Step 3: Handle the verify → decide loop
scaffold-and-verify sorts each failure into a slice fault (it fixes), pin drift (it fixes and records to stack.yaml), or a stack fault: a chosen tool that fundamentally can't work. On a stack fault it stops and escalates rather than papering over. When that happens, the loop is:
- Surface the fault to the user with the stage's diagnosis (what failed, why it's the tool and not the slice).
- Re-enter decide-stack for just the affected slot(s), with the new information, to re-pick. It edits the same
stack.yaml.
- Re-run install-stack for the changed slot(s), then scaffold-and-verify again.

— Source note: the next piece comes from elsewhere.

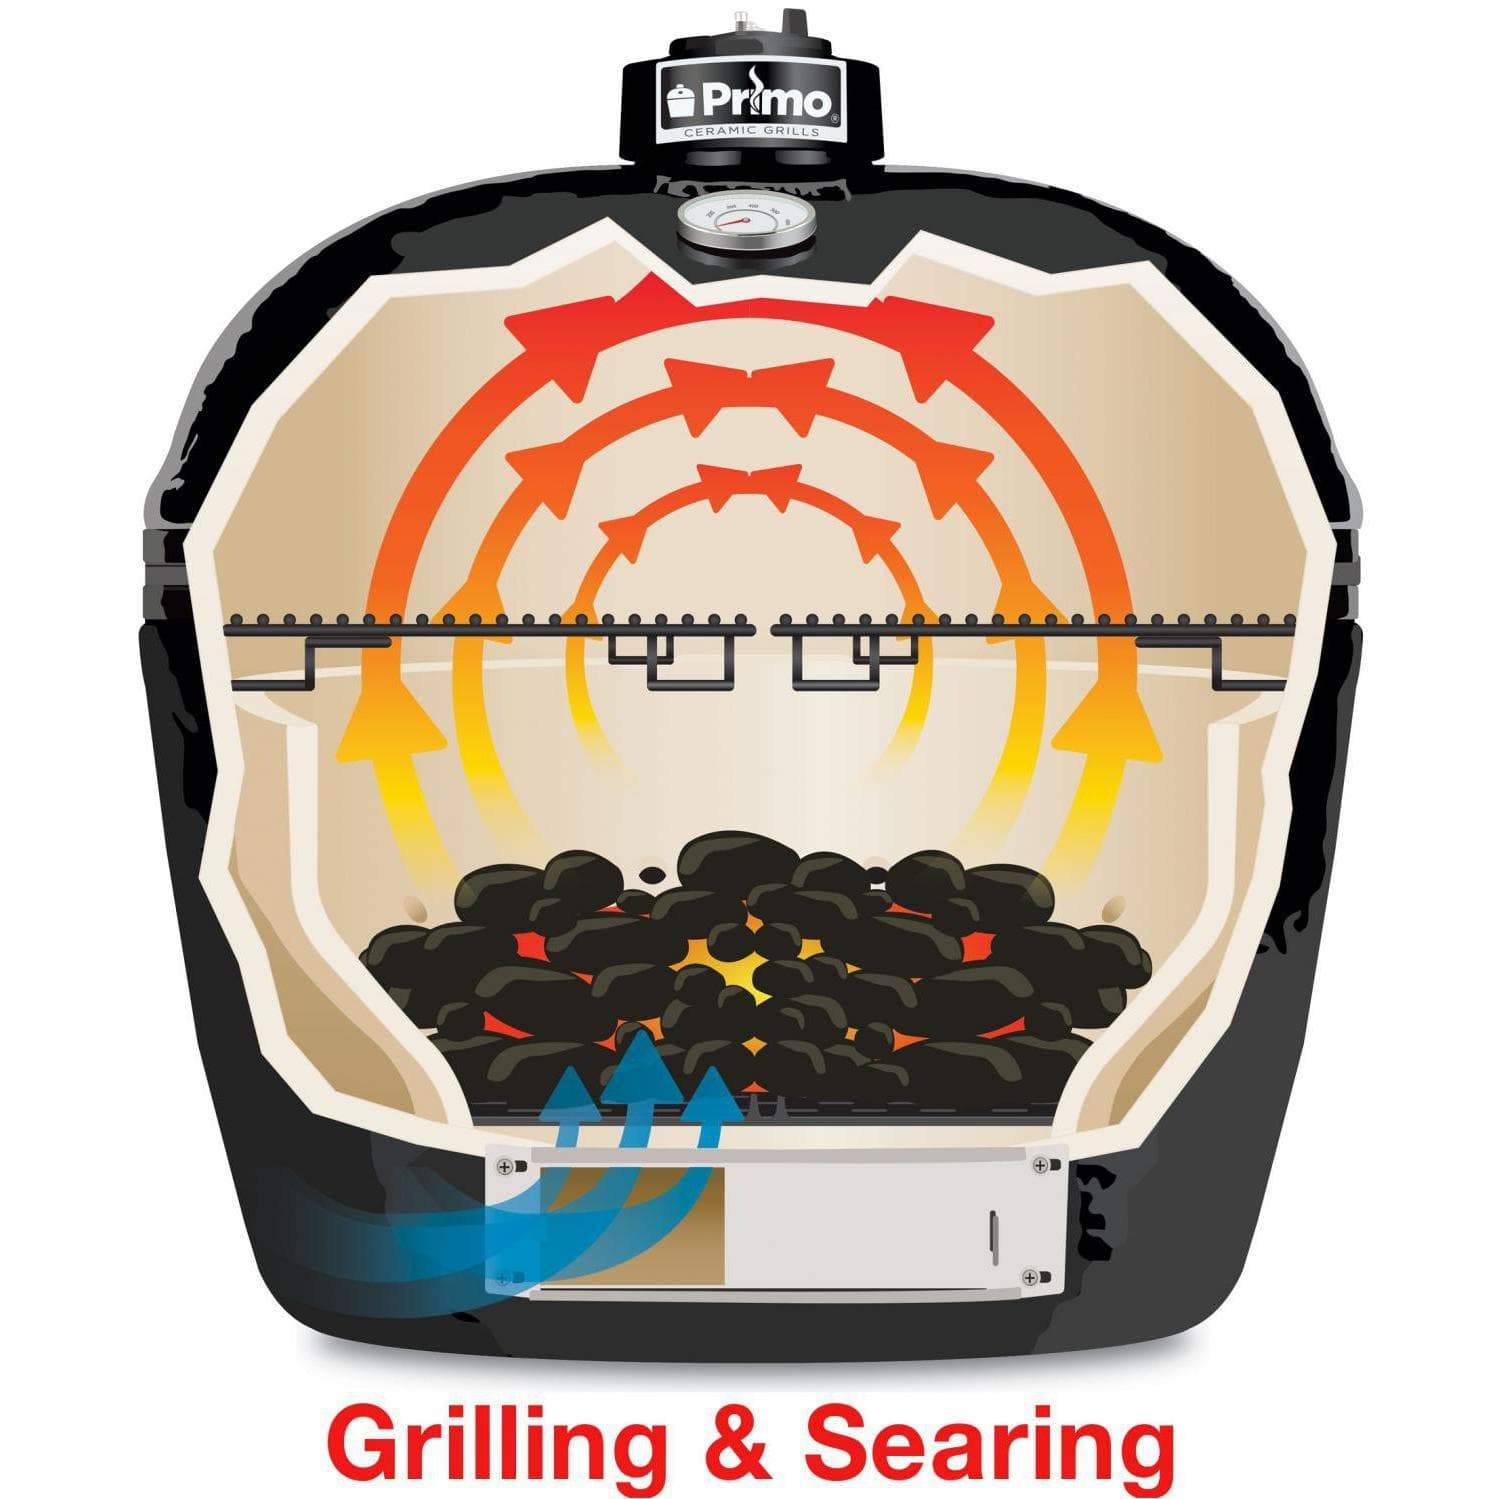 Primo Grills Kamado Grill Charcoal Primo Grills Oval JR 200 All-In-One (Heavy-Duty Stand, Side Shelves, Ash Tool and Grate Lifter)

- Repeat until verification is green.
This loop is the whole reason the stages are separate skills: don't try to force a stack fault through inside verification. Keep the user in the loop on each re-pick; they own the stack decisions. Surface the fault and each re-pick with the handoff contract, update the task list (the affected slot goes back to "decide"), and checkpoint (commit) after each successful re-install-and-verify so every loop iteration is a clean rollback point.
Step 4: Finish
Once verification is green and document-stack has written CLAUDE.md + README, give a final summary: the locked stack (tools and versions), what was installed, that the slice passed and which gates, where the docs live, and any caveats or pin drift recorded along the way. Point the user at the obvious next step (run the dev server, the test suite, the build) and flag anything still on them (accounts, secrets, env files). Make a final checkpoint commit for the docs if git is enabled, show the task list with everything done, and close with the handoff contract.
Scope and boundaries
This skill sequences the five stage skills; it does not reimplement their logic, and it respects each stage's own boundaries (it won't enter credentials, and it routes stack decisions back through decide-stack and the user rather than deciding alone). The pipeline is the default path, not a mandate: if the user doesn't want docs, skip document-stack; if they hand you a partial state, resume mid-pipeline per Step 1. When the user explicitly wants only one step, point them at that stage's skill instead of running the whole journey.
Bundled resources
${CLAUDE_PLUGIN_ROOT}/scripts/validate_yaml.py: Validate .claude/stack-it/ artifacts while detecting the resume point (--stage slots for slots.yaml, --stage stack for stack.yaml). Run python ${CLAUDE_PLUGIN_ROOT}/scripts/validate_yaml.py --help for usage.